Let's take a look at the third shot:
See those streaks in the grass? Compare them to the way the ground looks in the other two images. That's motion blur, too, but it's the kind of motion blur you get from camera shake. We use the term "camera shake" to describe motion blur that is caused by an unsteady hand. That's not your fault--it's simply impossible for any human being to hold a camera completely still once you get to those slower shutter speeds. Camera shake is amplified by the length of your lens--long, telephoto lenses are particularly vulnerable to camera shake at slow shutter speeds because they magnify it. They are also heavier and more difficult to keep steady.
How to fix it
Camera shake can be corrected in the same way that motion blur is corrected--with a faster shutter speed. As a general rule, you want to use a shutter speed that is at least the same number as the length of your lens. 1/200th, for example, if you're using a 200mm lens. However you also have regular motion blur to consider, so that may not be enough--you'll still need to bump up your shutter speed to 1/500 for that football game.

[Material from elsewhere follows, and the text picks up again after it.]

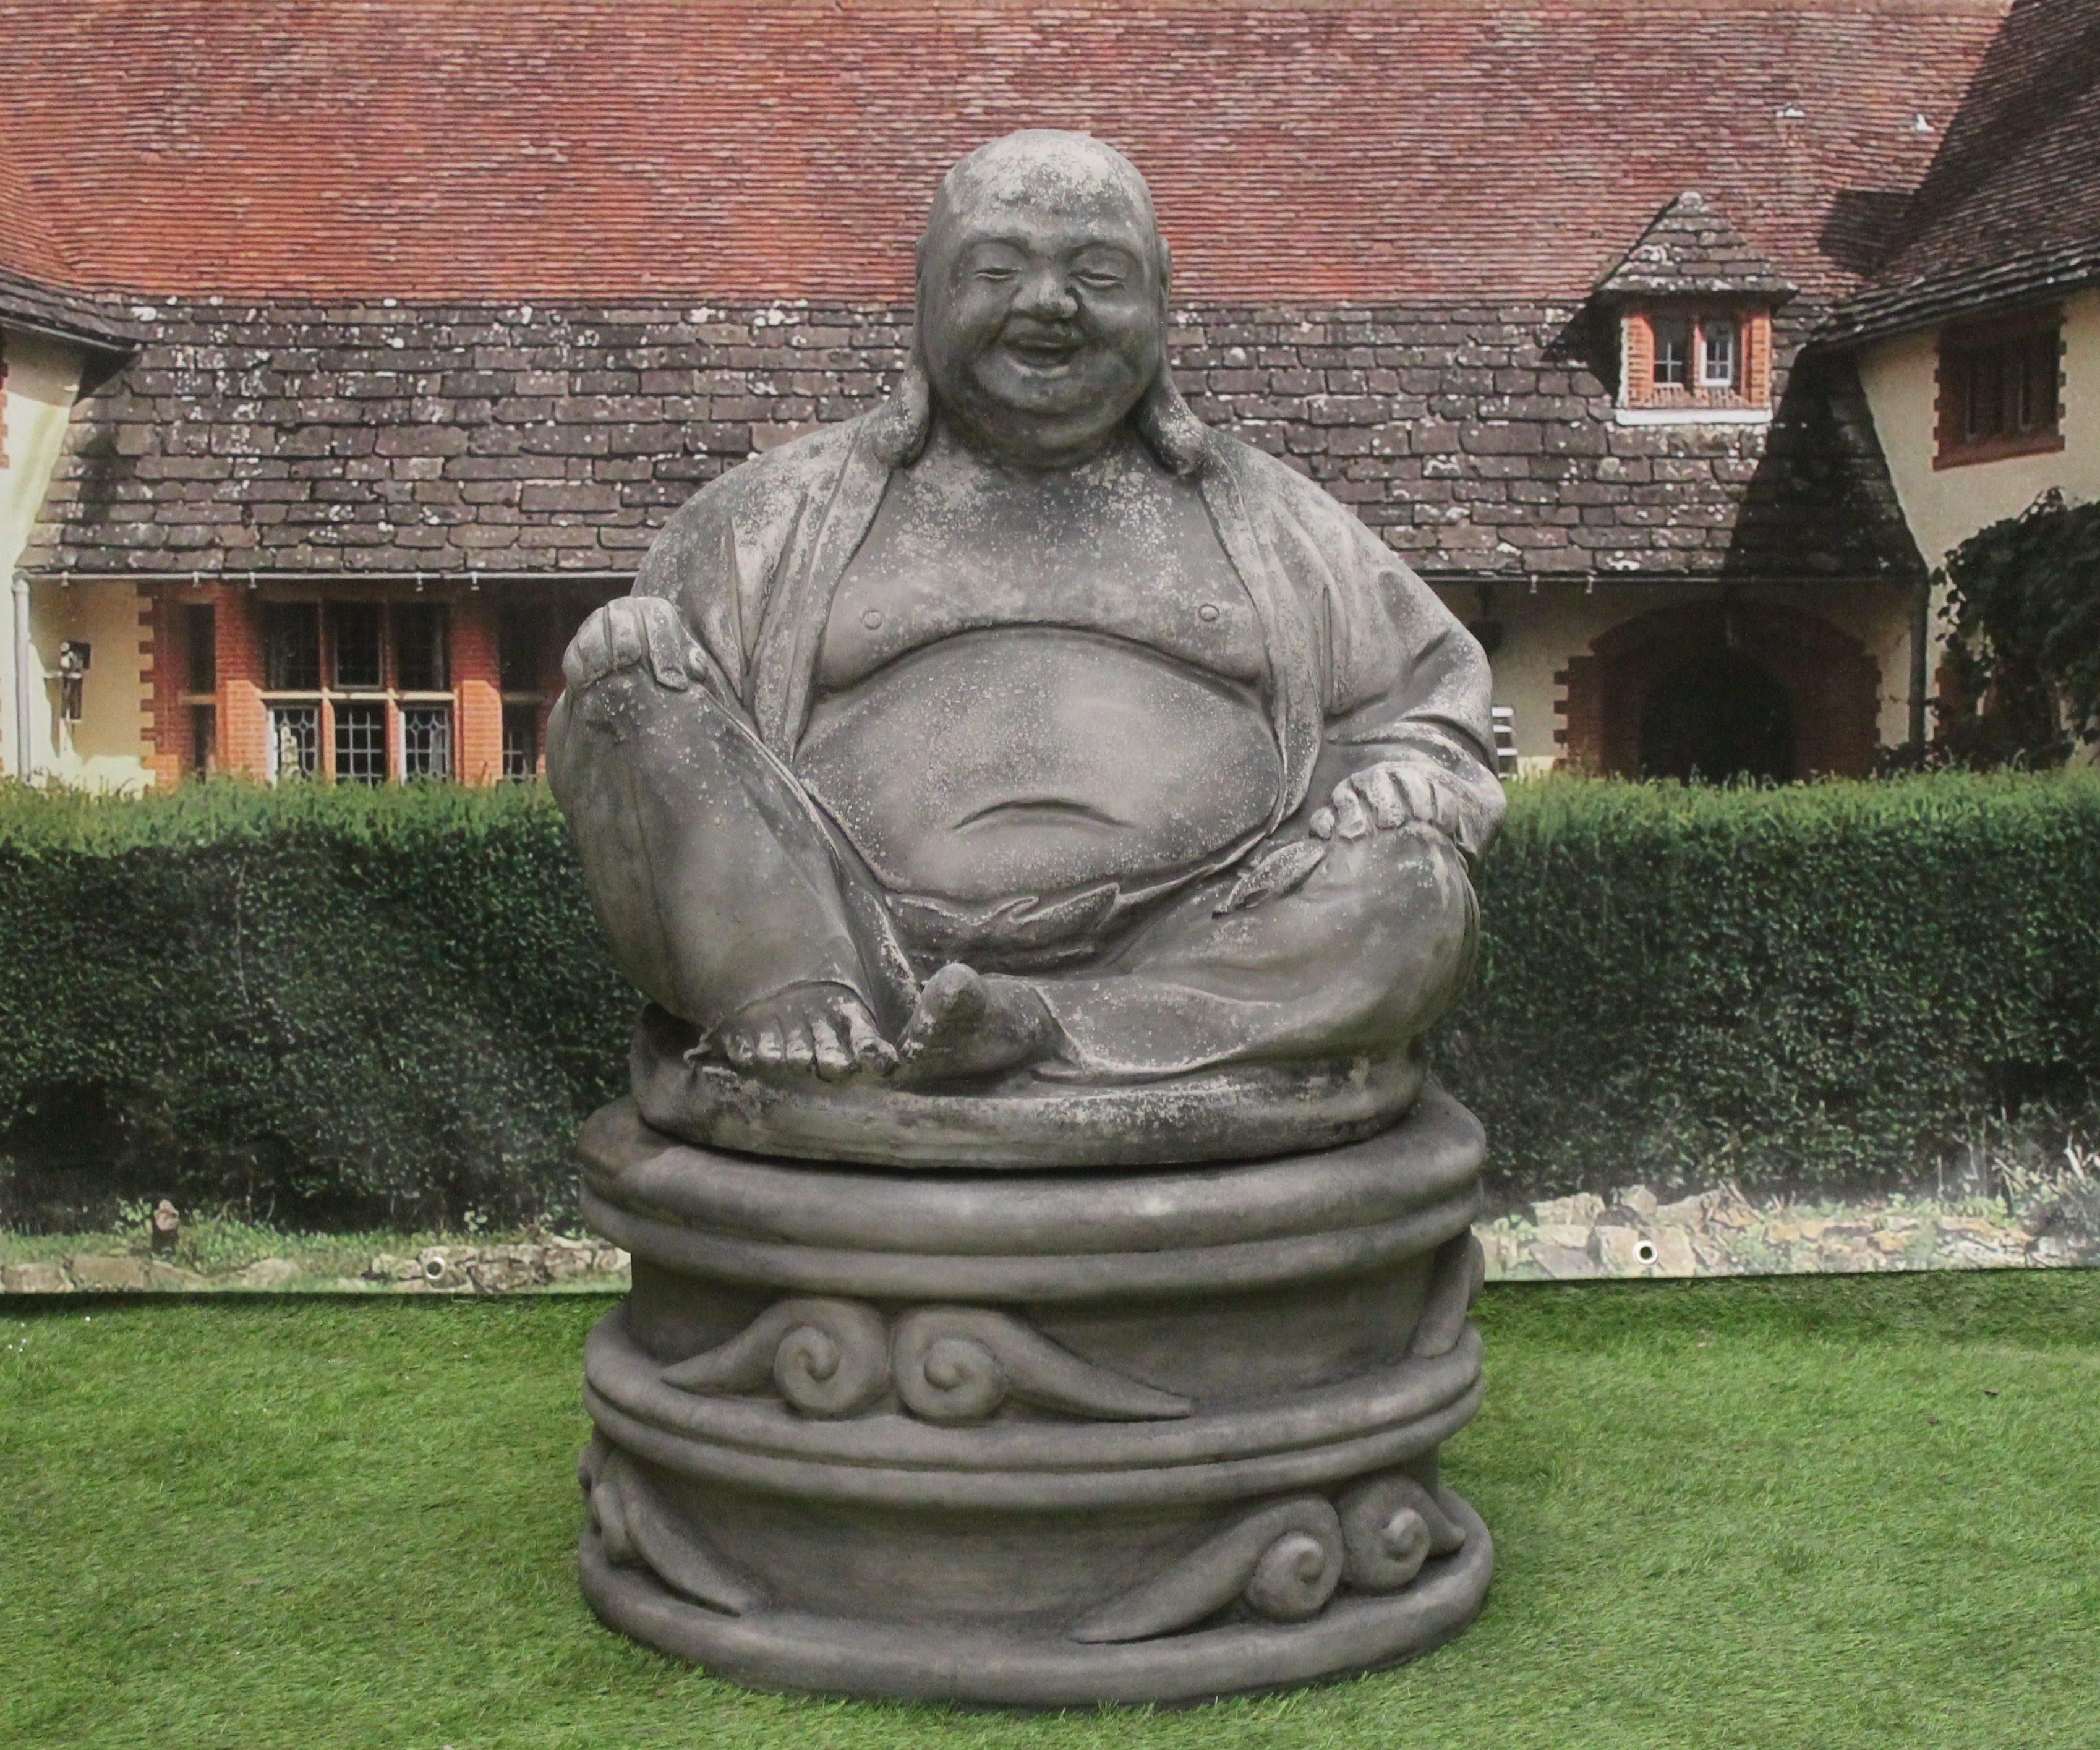 Massive Laughing Buddha Plinth Stone Garden Ornaments Garden Statues In Uk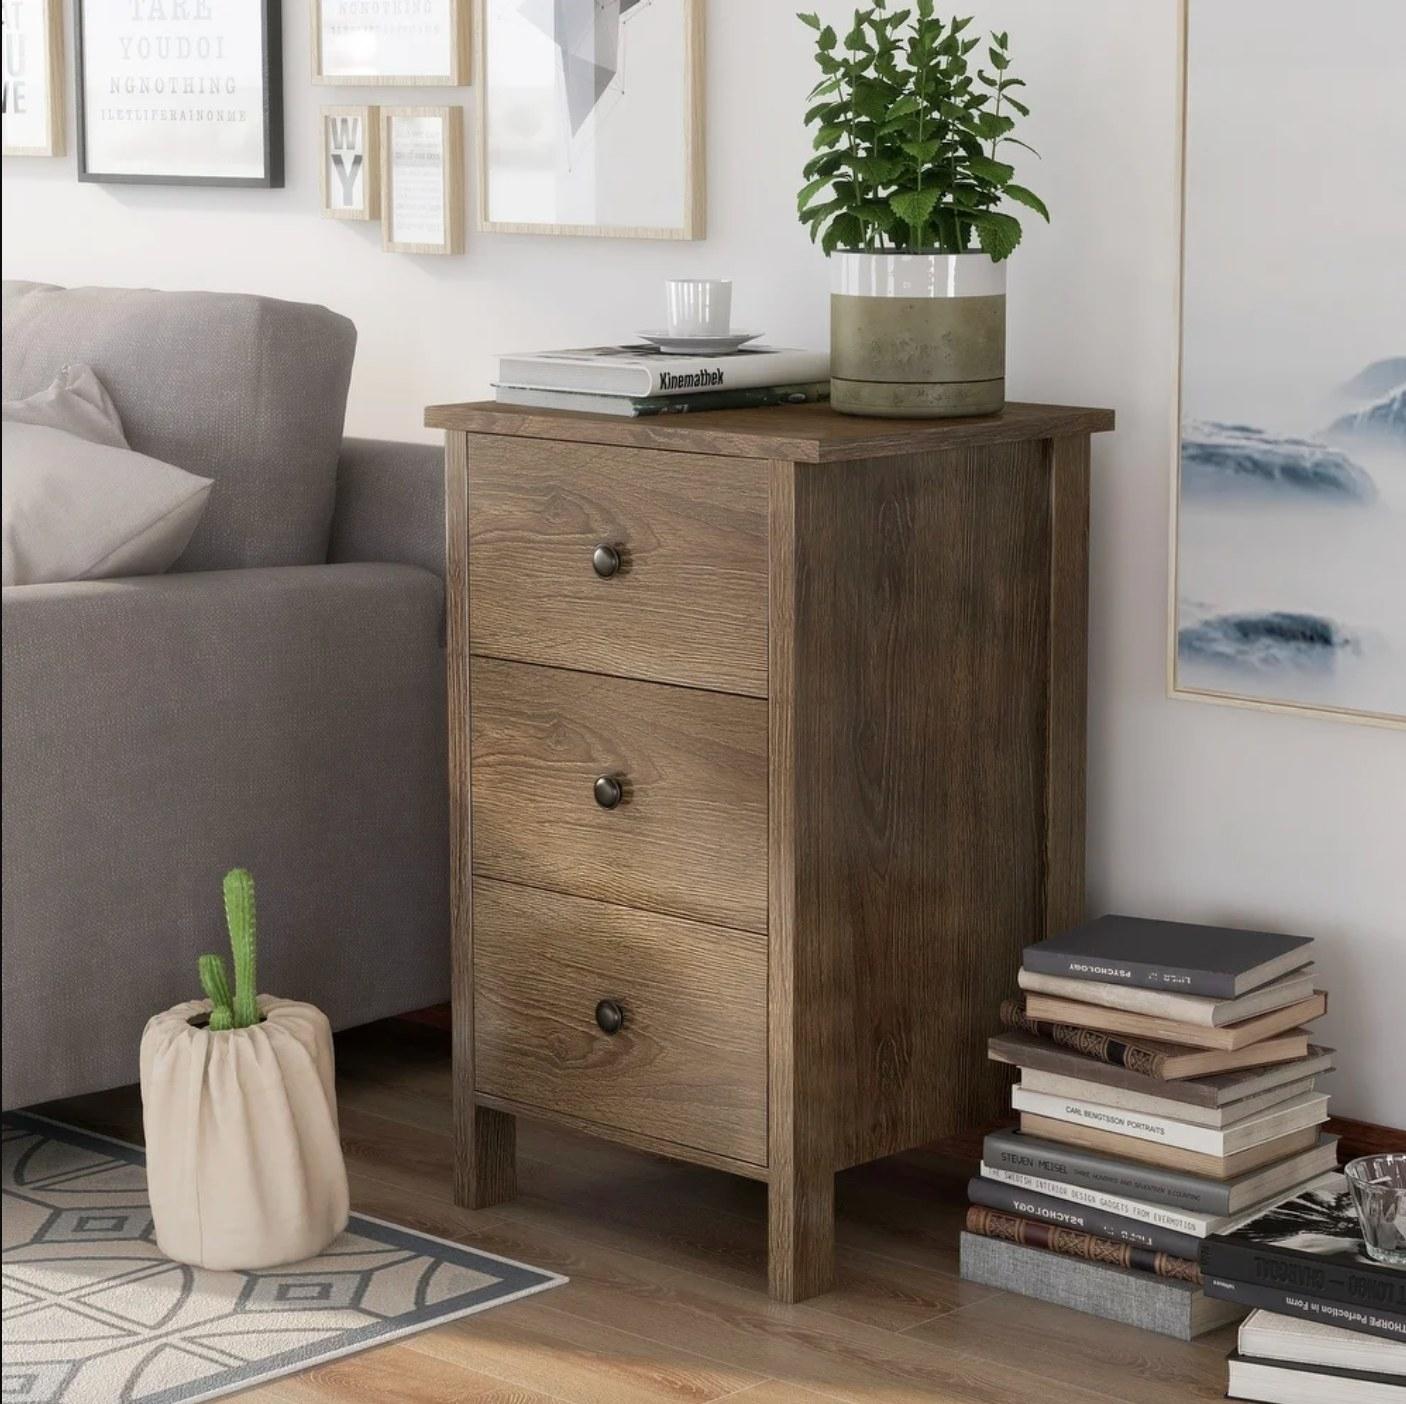 The distressed walnut nightstand

That's why you often see sports photographers with tripods--sometimes it's the only way to keep the camera and a very long lens steady enough to prevent camera shake, especially when the light is fading and you're already shooting as fast as you can, at a high ISO. Keep in mind that the tripod doesn't prevent all kinds of motion blur, just camera shake. You may still get some trails off your players if you're shooting slower than 1/500.
Other causes of blurry photos: Depth of field
Hey you! by Flickr user rolleh
It's worth mentioning that other common cause of blurry photos--depth of field that is too shallow for your subject. You will commonly see this when shooting subjects that have a lot of dimension at very large apertures (vs. flatter subjects such as the graffiti art on a wall, for example). Shallow depth of field can be a good thing, but not when you end up losing focus on all or part of your subject. In this situation, you need to pay attention to your aperture (the larger the f-number, the more depth of field you'll have) and adjust it according to how much of your subject needs to be in focus. If you don't want to use the aperture setting, you can use a preset--landscape mode will give you large depth of field, while portrait mode will give you a shallower one.
Blur is a monster that threatens all of us photographers, but the good news is we can keep it at bay with a simple understanding of what causes it and how to avoid it. It's always a good idea to examine the EXIF data for images that went wrong as well as those that went right--do this enough and you'll have a pretty good feel for the blurry monster and how to banish it.